SOURCE MATERIAL
• • • •
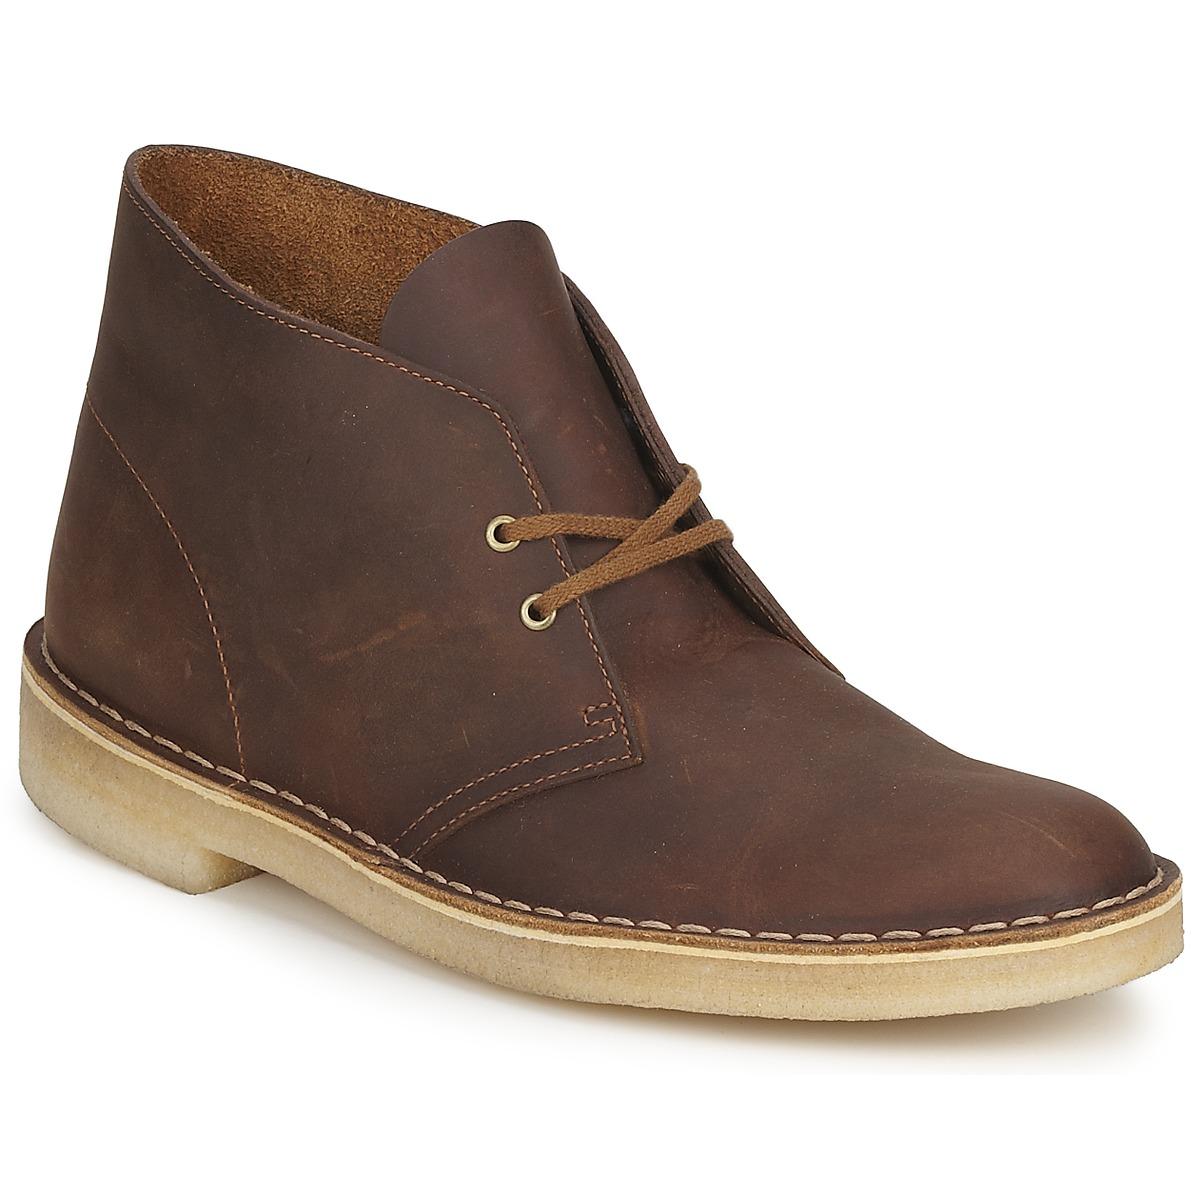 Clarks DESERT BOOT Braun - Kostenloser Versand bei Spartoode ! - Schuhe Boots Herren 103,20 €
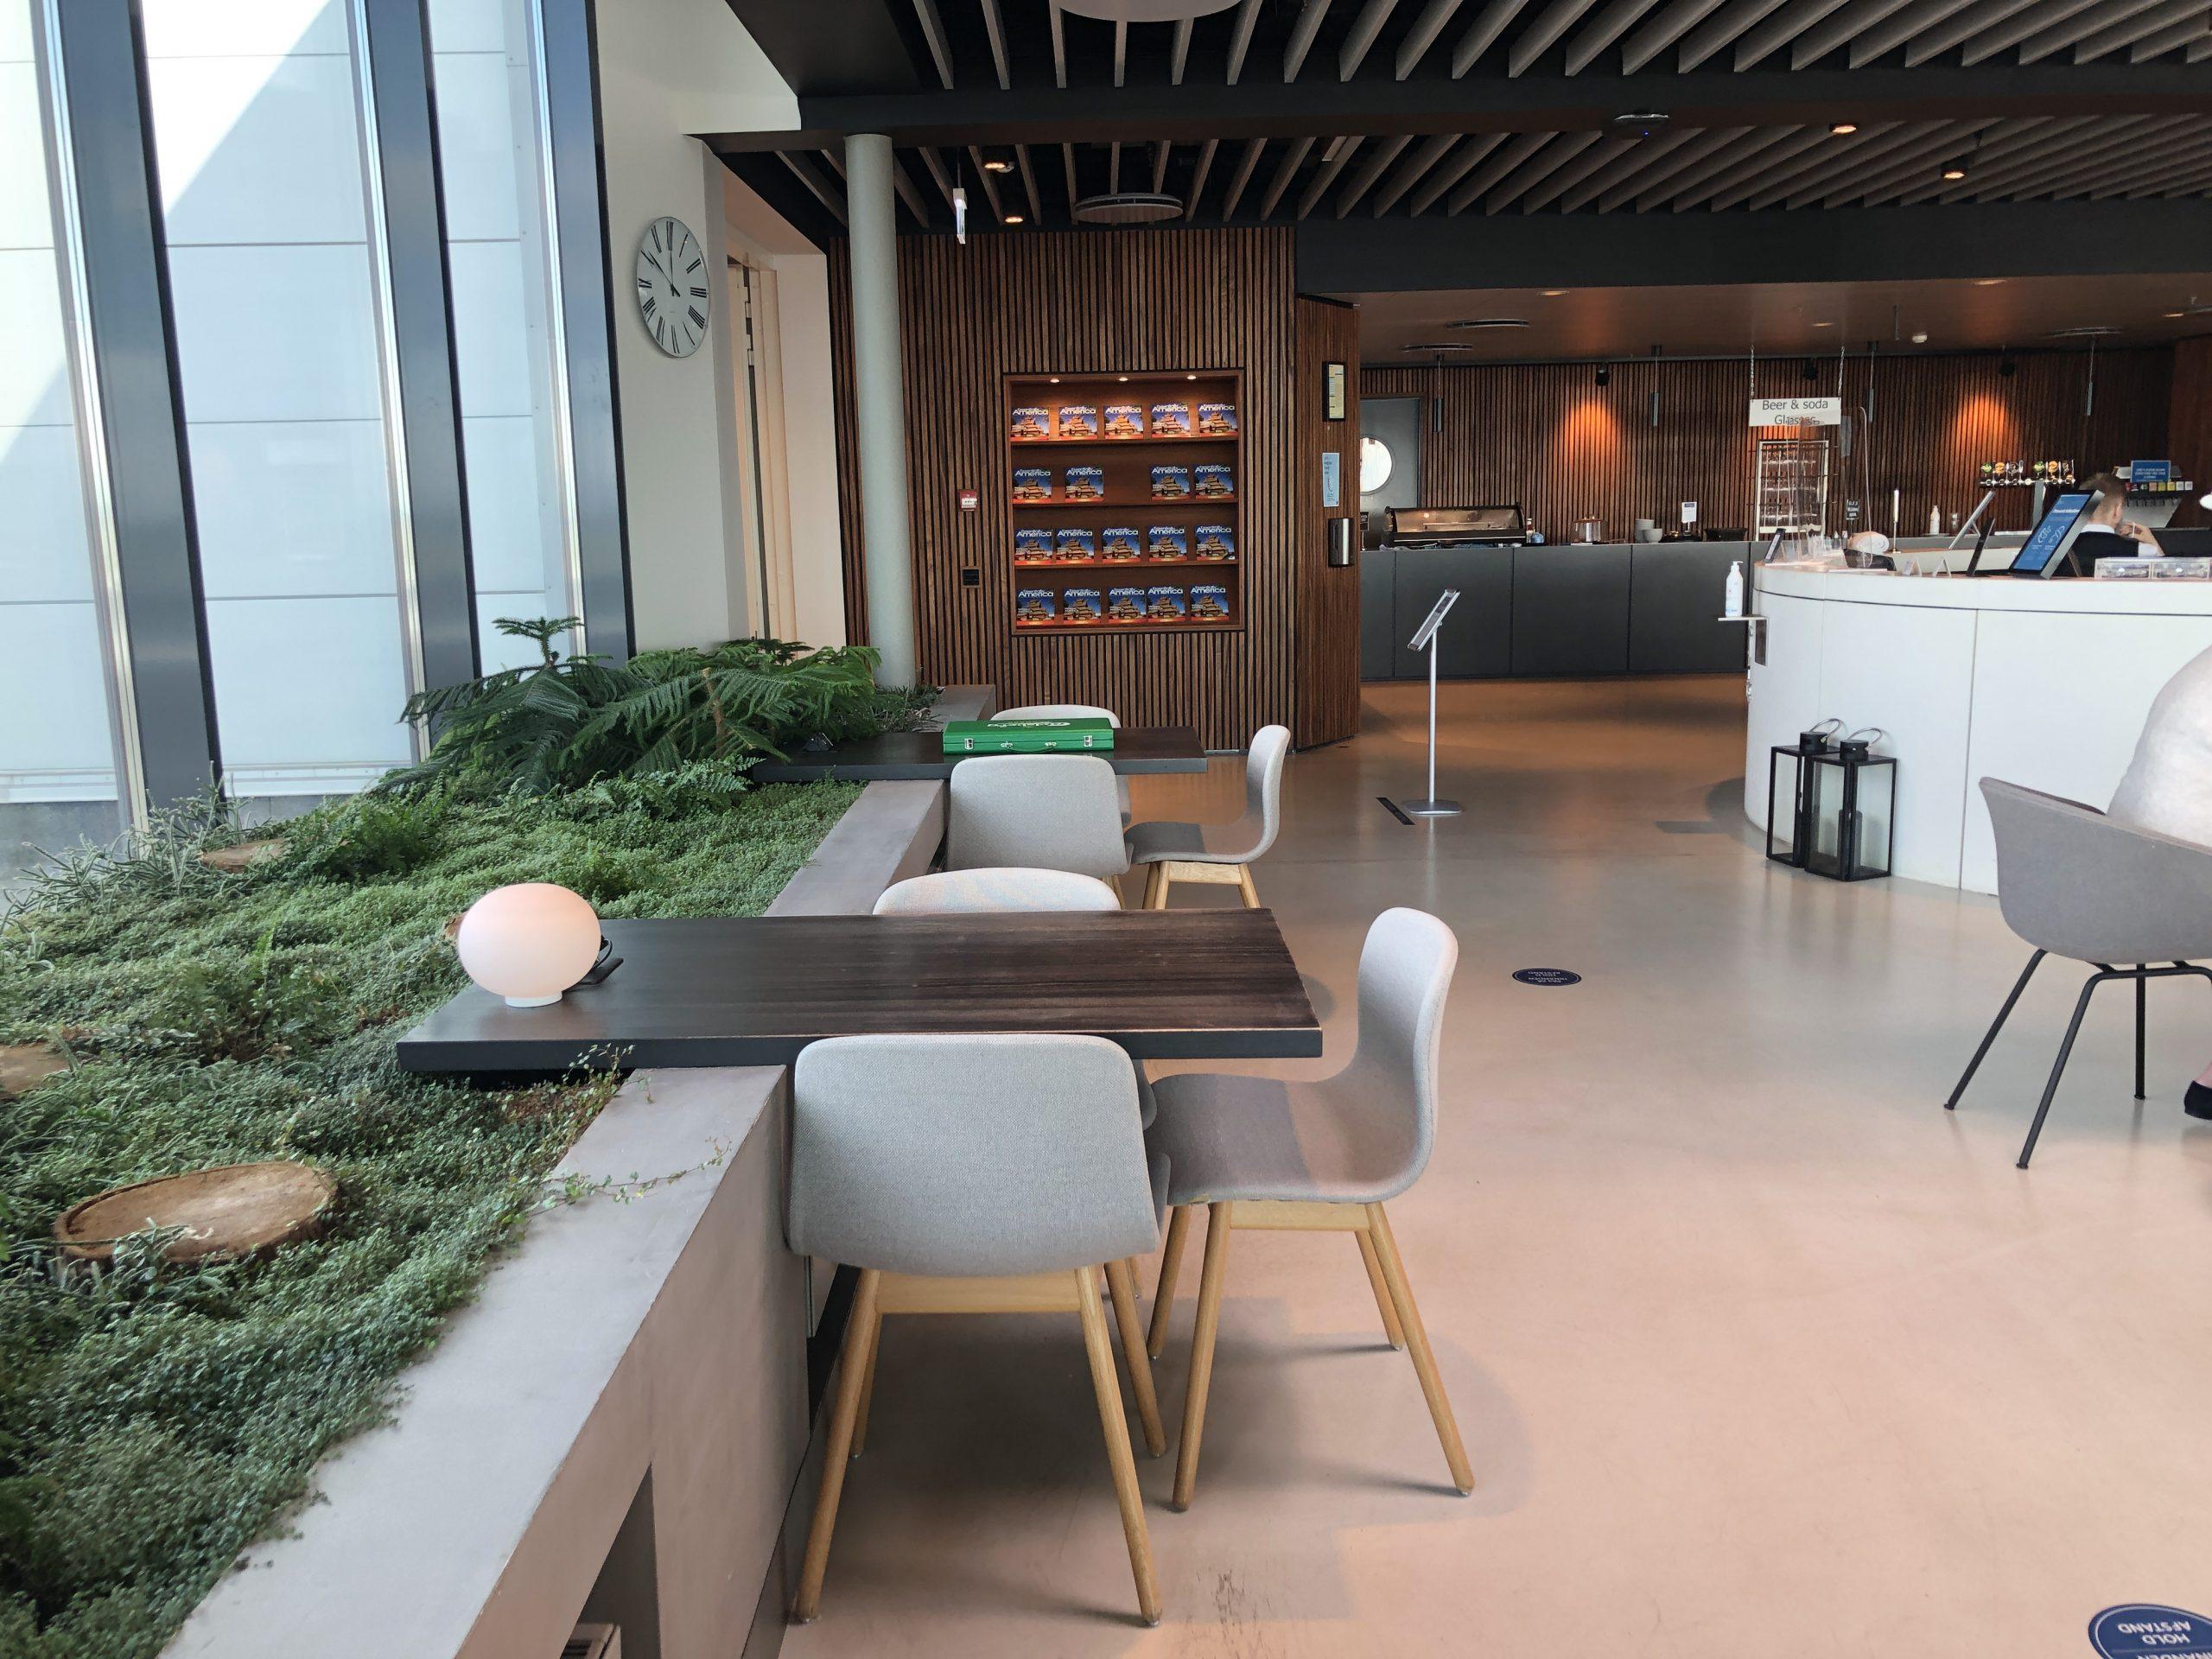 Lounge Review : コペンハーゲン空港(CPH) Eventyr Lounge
• • • •
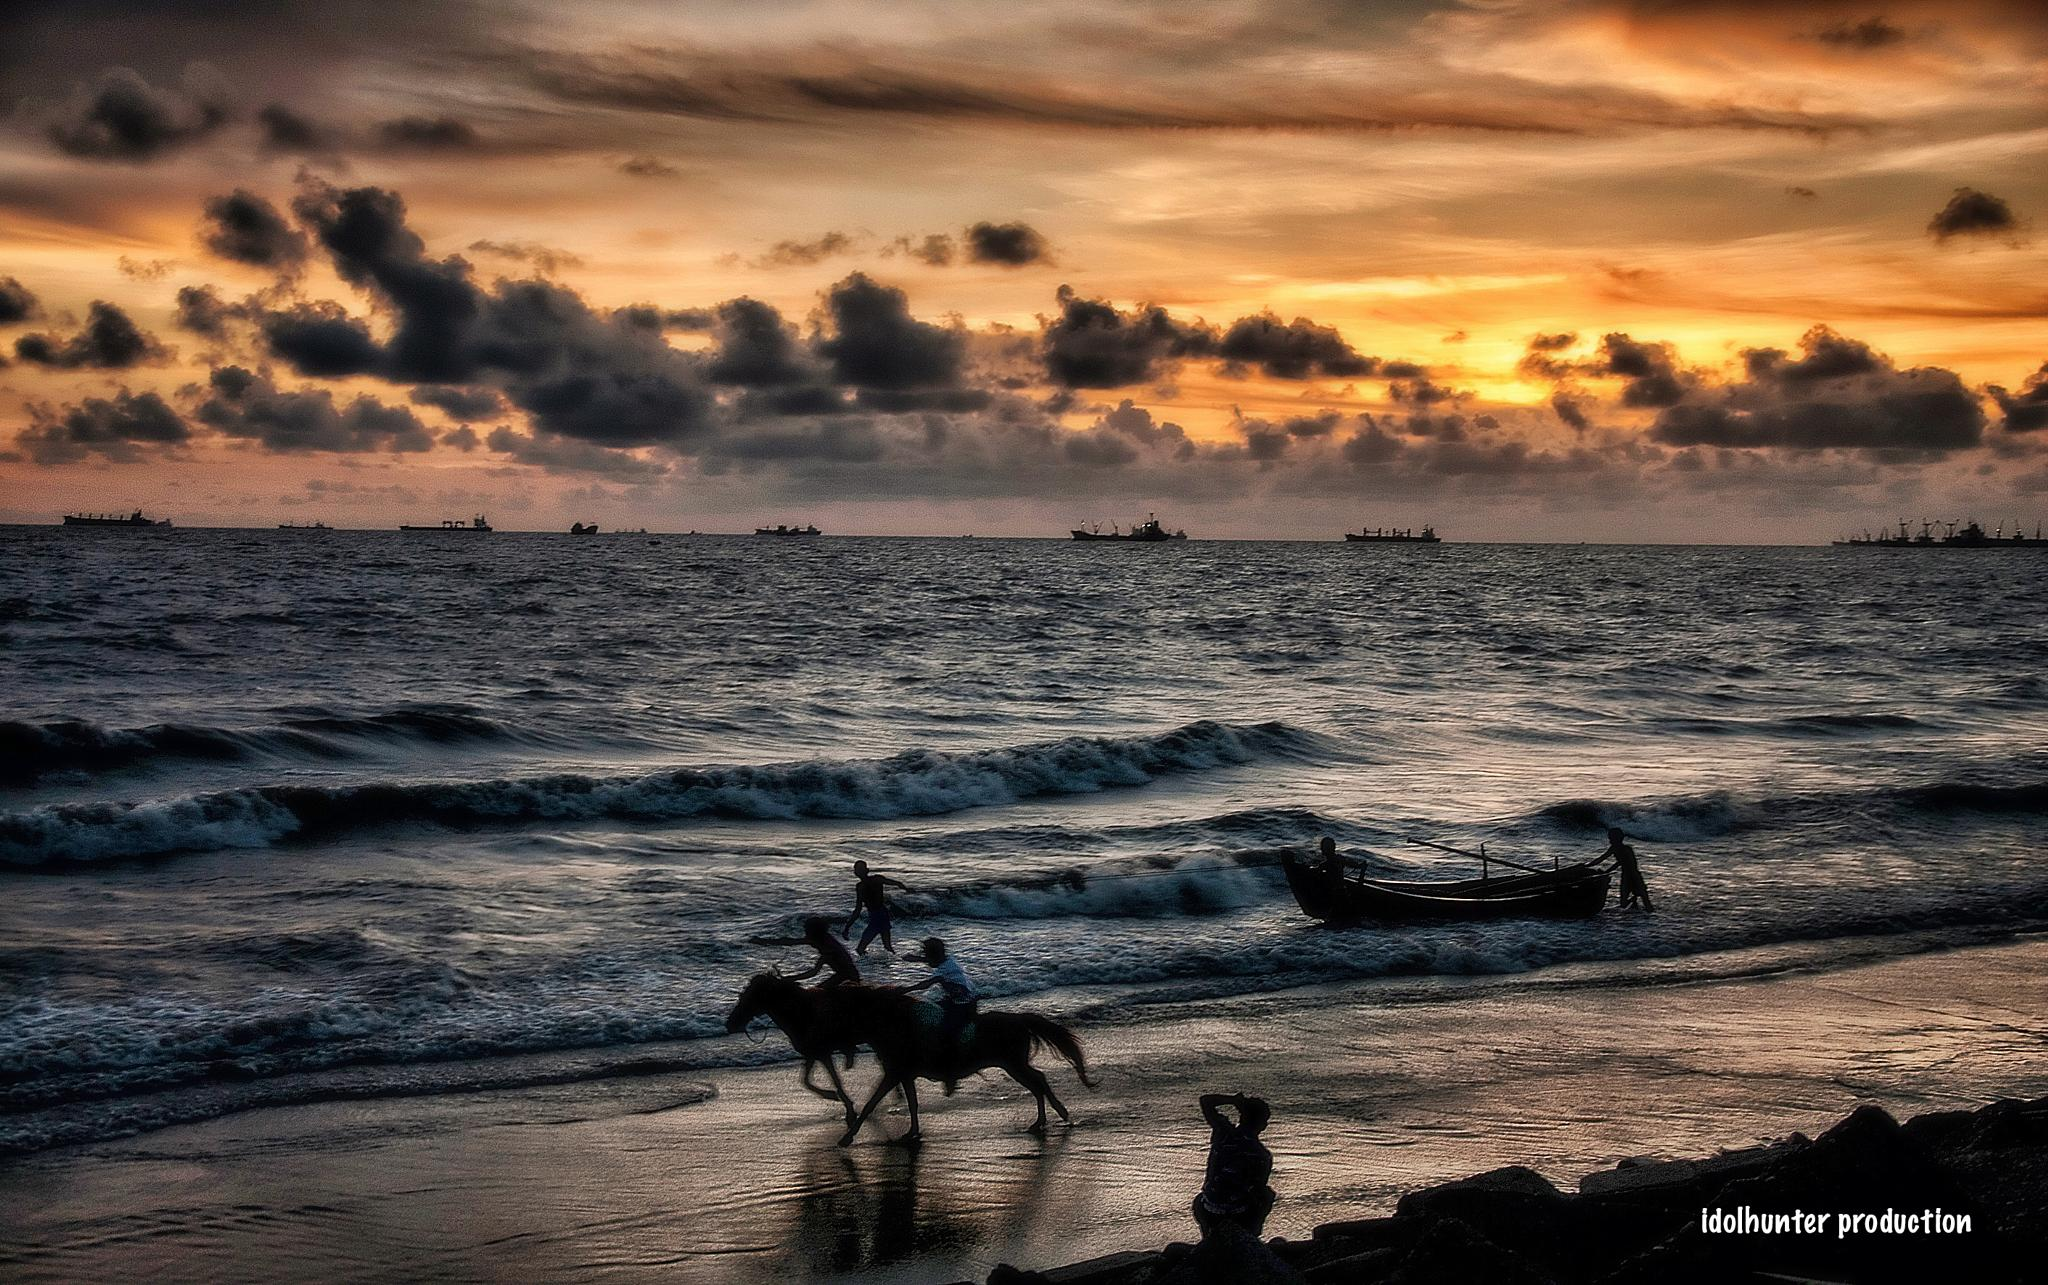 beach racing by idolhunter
• • • •
ABOUT THIS TASK
Go to the line above that has "Clarks DESERT BOOT" and copy exactly from there down to the line that has "Lounge Review : コペンハーゲン空港(CPH)", both included. Leave the pictures out.

PROBLEM SOLUTION
 Clarks DESERT BOOT Braun - Kostenloser Versand bei Spartoode ! - Schuhe Boots Herren 103,20 €
 Lounge Review : コペンハーゲン空港(CPH) Eventyr Lounge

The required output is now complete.